According to the Gun Violence Archive, there have already been 41 mass shootings in 2023 in which four or more people were injured or killed. At least 69 individuals have been slain, not including the others who have died this month as a result of other acts of gun violence or firearm suicide. With a divided Congress, the gun-control coalition contends that Biden has a greater obligation to share the weight of reform — and they believe that he has options on the table.

The groups urged Biden to prioritise the execution of the Bipartisan Safer Communities Act, which he signed into law more than six months ago, including using the federal statute described in the legislation to target gun traffickers. They also urged the administration to guarantee that FBI agents are adequately educated in performing background checks on individuals under the age of 21.

The letter also requested that the administration close the background check loophole by defining who is deemed “involved in the business” of selling firearms. The Bipartisan Safer Communities Act modernised federal law by requiring anybody who sells firearms for a profit to be licenced.
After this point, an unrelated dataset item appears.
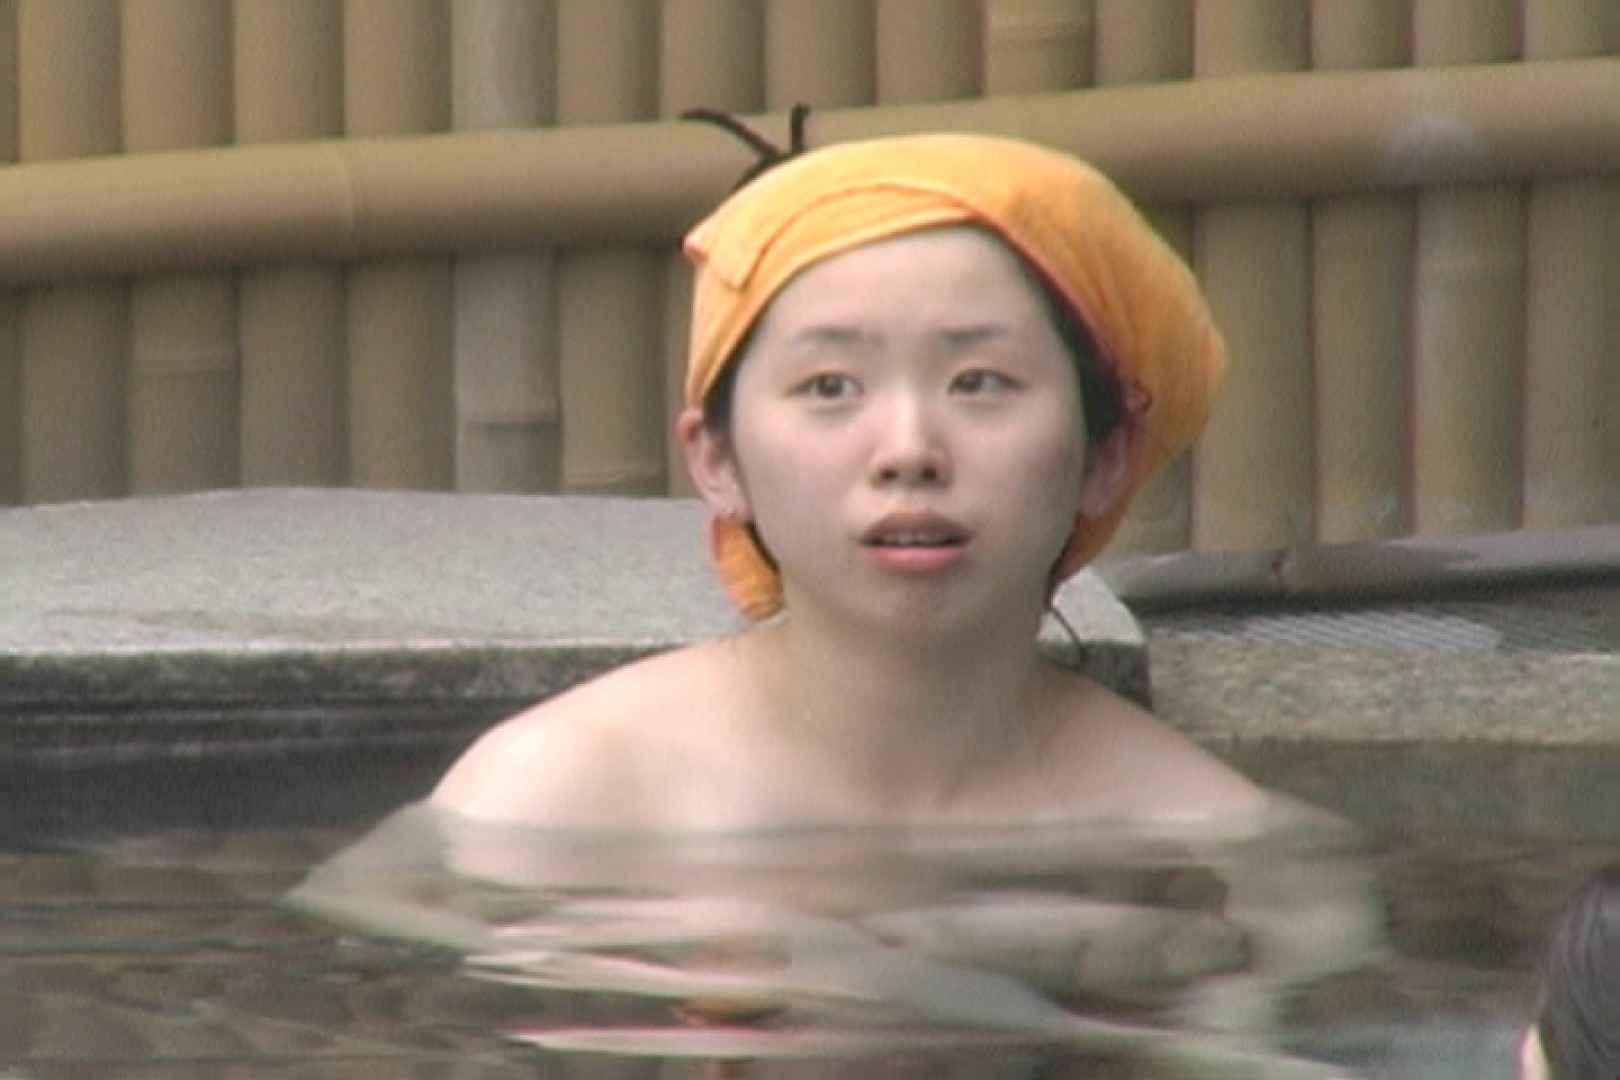 Aquaな露天風呂Vol.641 盗撮師作品  97pic 27

According to the group, the ATF might clarify who qualifies as a firearms dealer and, as a result, who must conduct background checks on gun buyers by publishing a new rule.

Much of Biden’s rhetoric on firearms has centred on his desire to revive the assault weapons ban, which he helped pass as a senator in 1994 but which expired in 2004.
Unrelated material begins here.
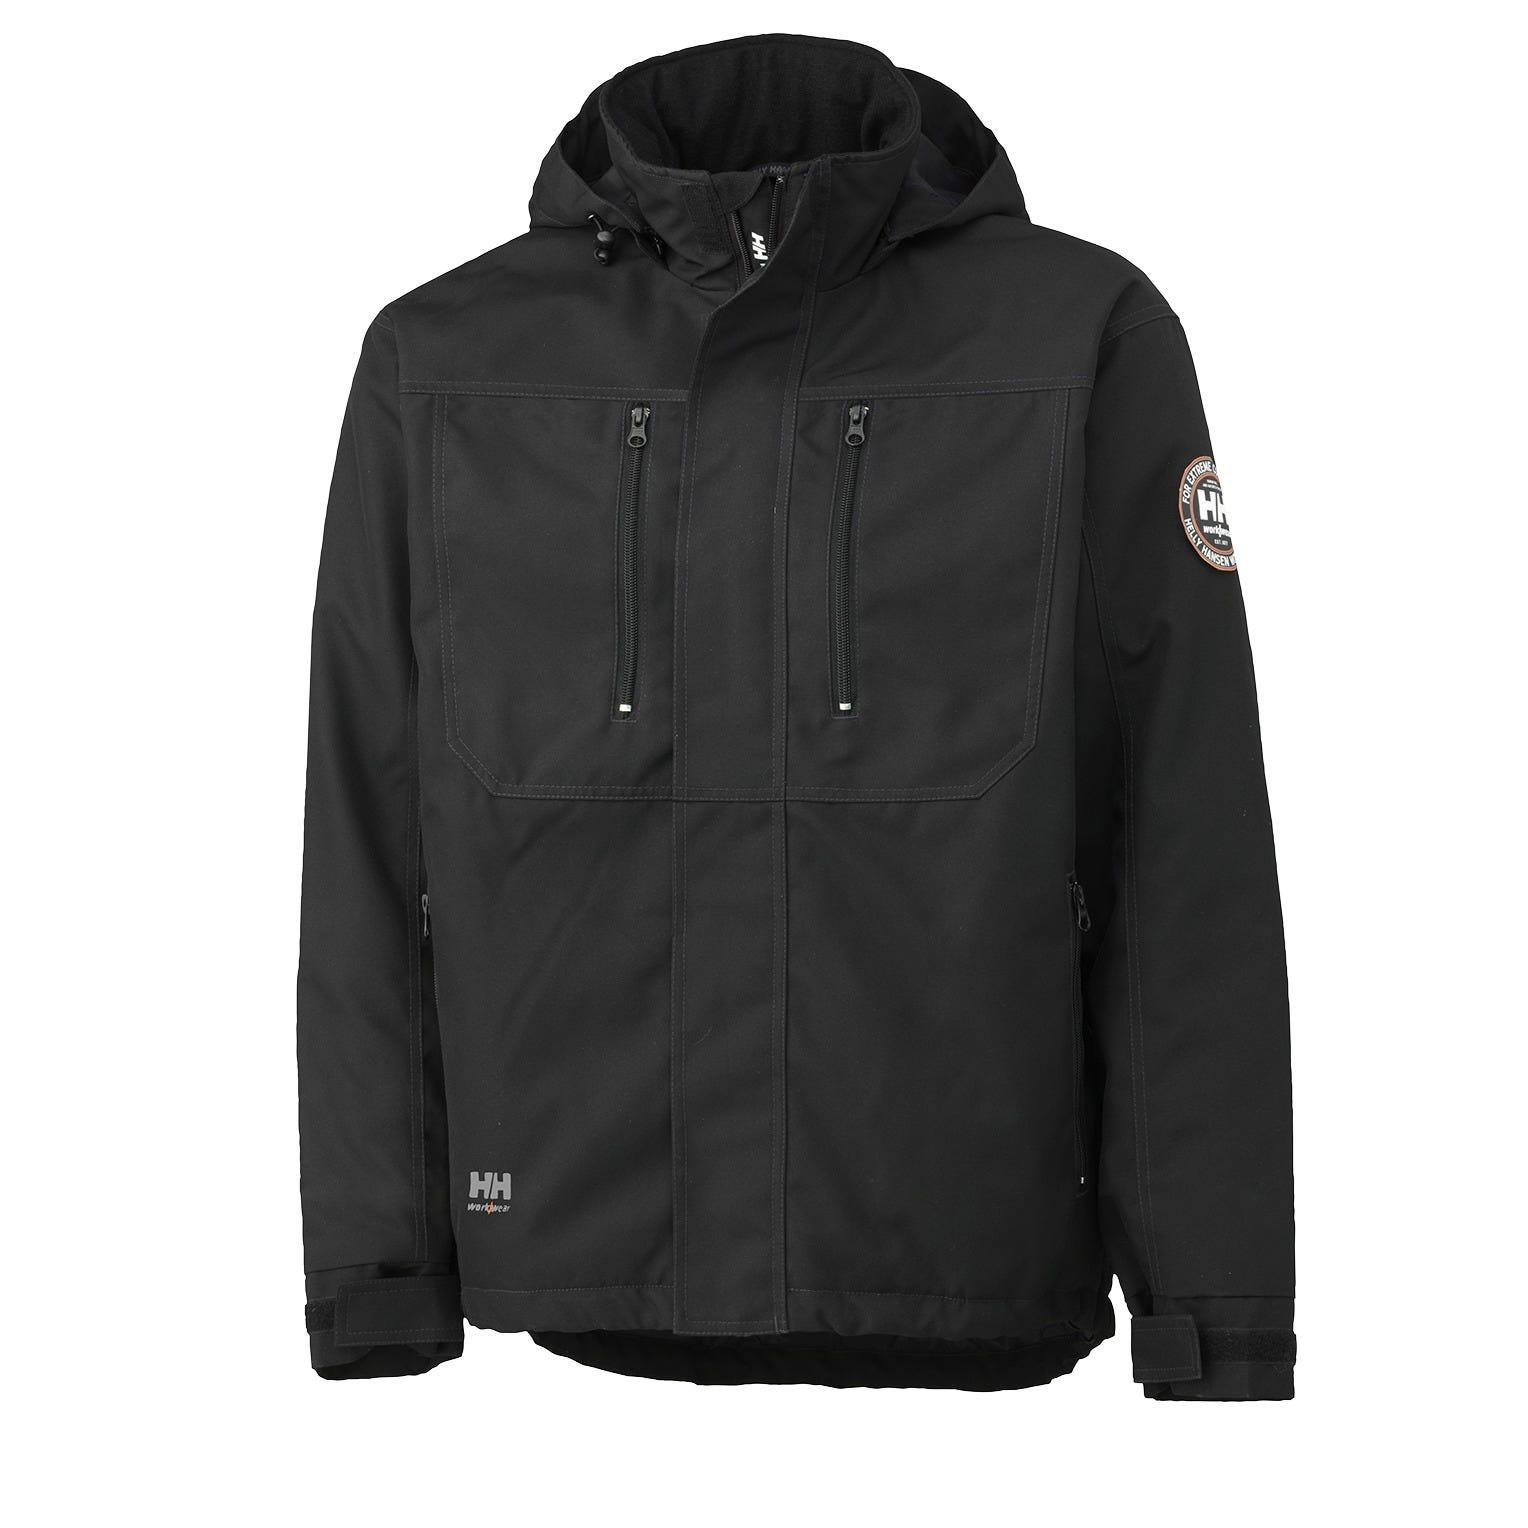 HH Workwear Workwear Berg Insulated Winter Jacket Black L

However, Peter Ambler, executive director of Giffords, which delivered its own brief to the White House on Monday, said the ban’s narrow emphasis lessens the need to discuss other important issues such as background check loopholes and the need for investment in community violence reduction.

“Because when you simply mention assault weapons, honestly, you just think about mass shootings. But gun safety solutions are equally crucial to combating crime, intervening in cycles of community violence, addressing suicide, and more,” Ambler explained. Similarly, the coalition’s letter requested that the president utilise his authority “to highlight the scope of this catastrophe.”
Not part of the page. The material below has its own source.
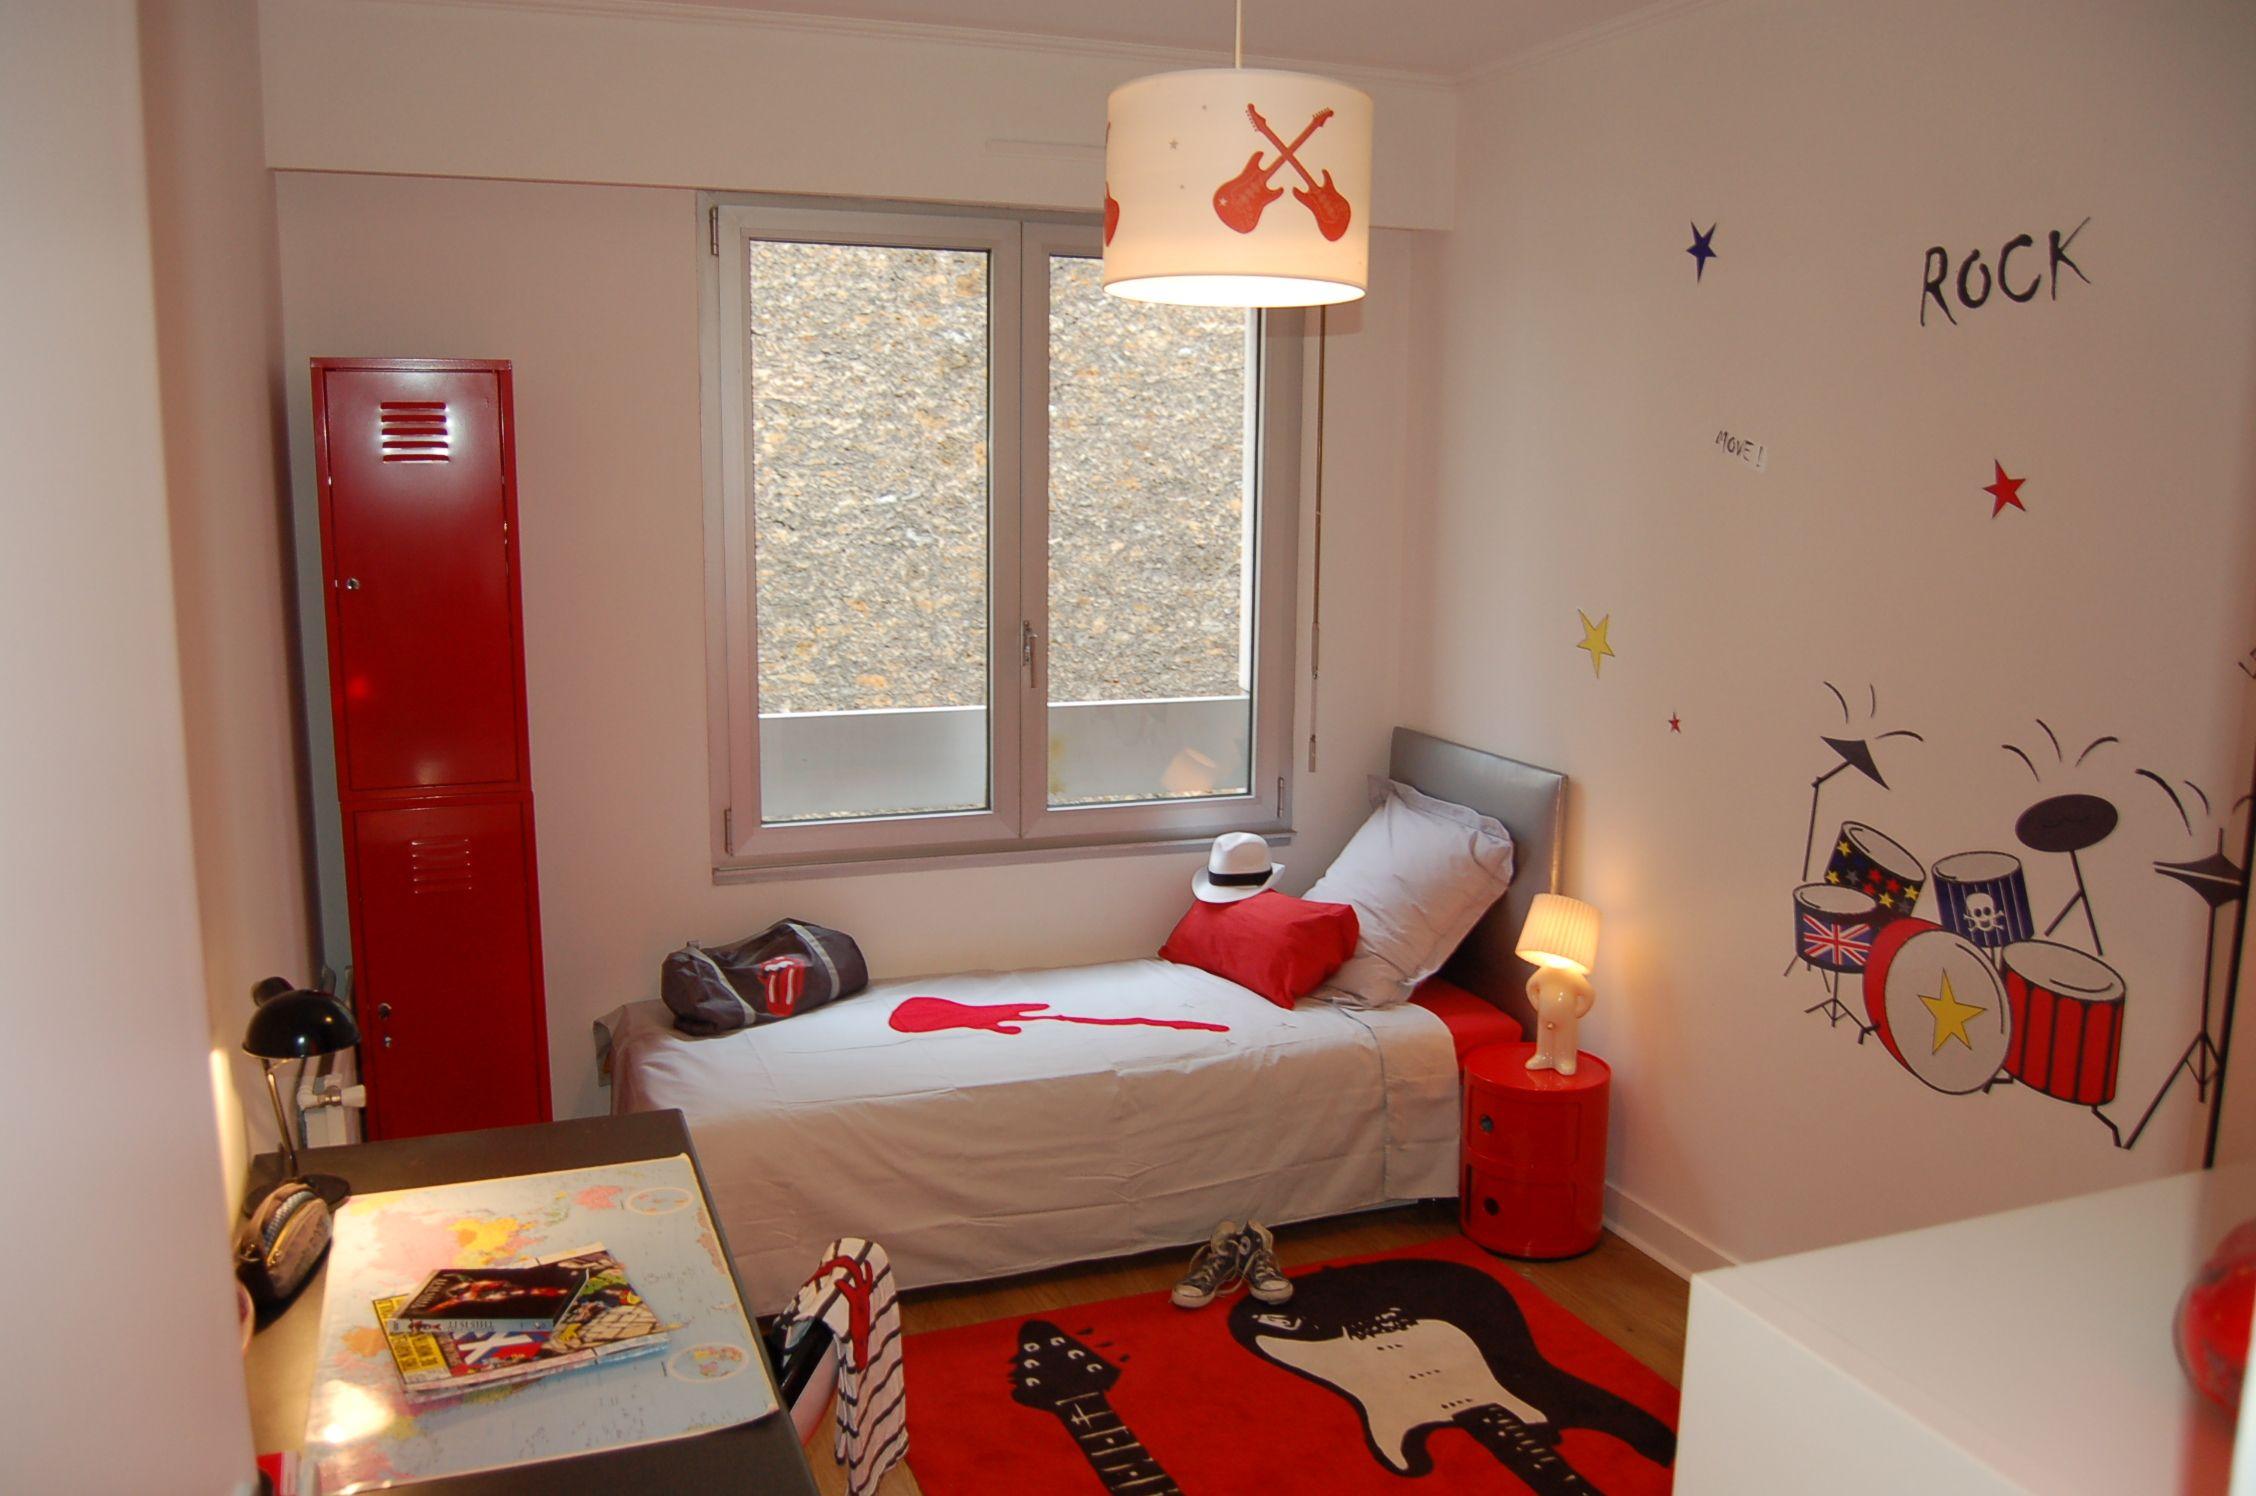 chambre rouge, chambre ado, chambre Nanelle, chambre rock, tapis

Though the president does not appear to have the votes in Congress for an assault weapons ban, the groups argue that Biden has tools at his disposal to further limit the proliferation of these guns in the United States, including fully enforcing the importation ban on foreign-made assault weapons that do not have a “sporting purpose.” As Giffords notes in its memo, the ATF, which oversees gun importation in the United States, “has not conducted a comprehensive review of semiautomatic weapons.”

The groups are also looking for a White House leader to manage this activity. According to Ambler, the White House, Department of Justice, and ATF are currently working in silos and might benefit from increased capability and collaboration between agencies.

Susan Rice, who heads the White House Domestic Control Council and is responsible for a wide range of problems, is often regarded as the go-to person on gun policy. Stefanie Feldman, a White House policy adviser, also works intensively on the topic. Tuesday’s letter specifically requests that the president establish a federal office of gun violence prevention, which would ensure that someone is “driving this issue every single day,” according to Volsky, who has repeatedly urged the White House to place a gun-policy portfolio under the purview of a cabinet-level aide.

“They have plainly failed thus far,” he remarked. “And so, in light of all the recent tragedies, we’re taking this occasion to urge him not just to ask Congress to do something, but also to do something personally.”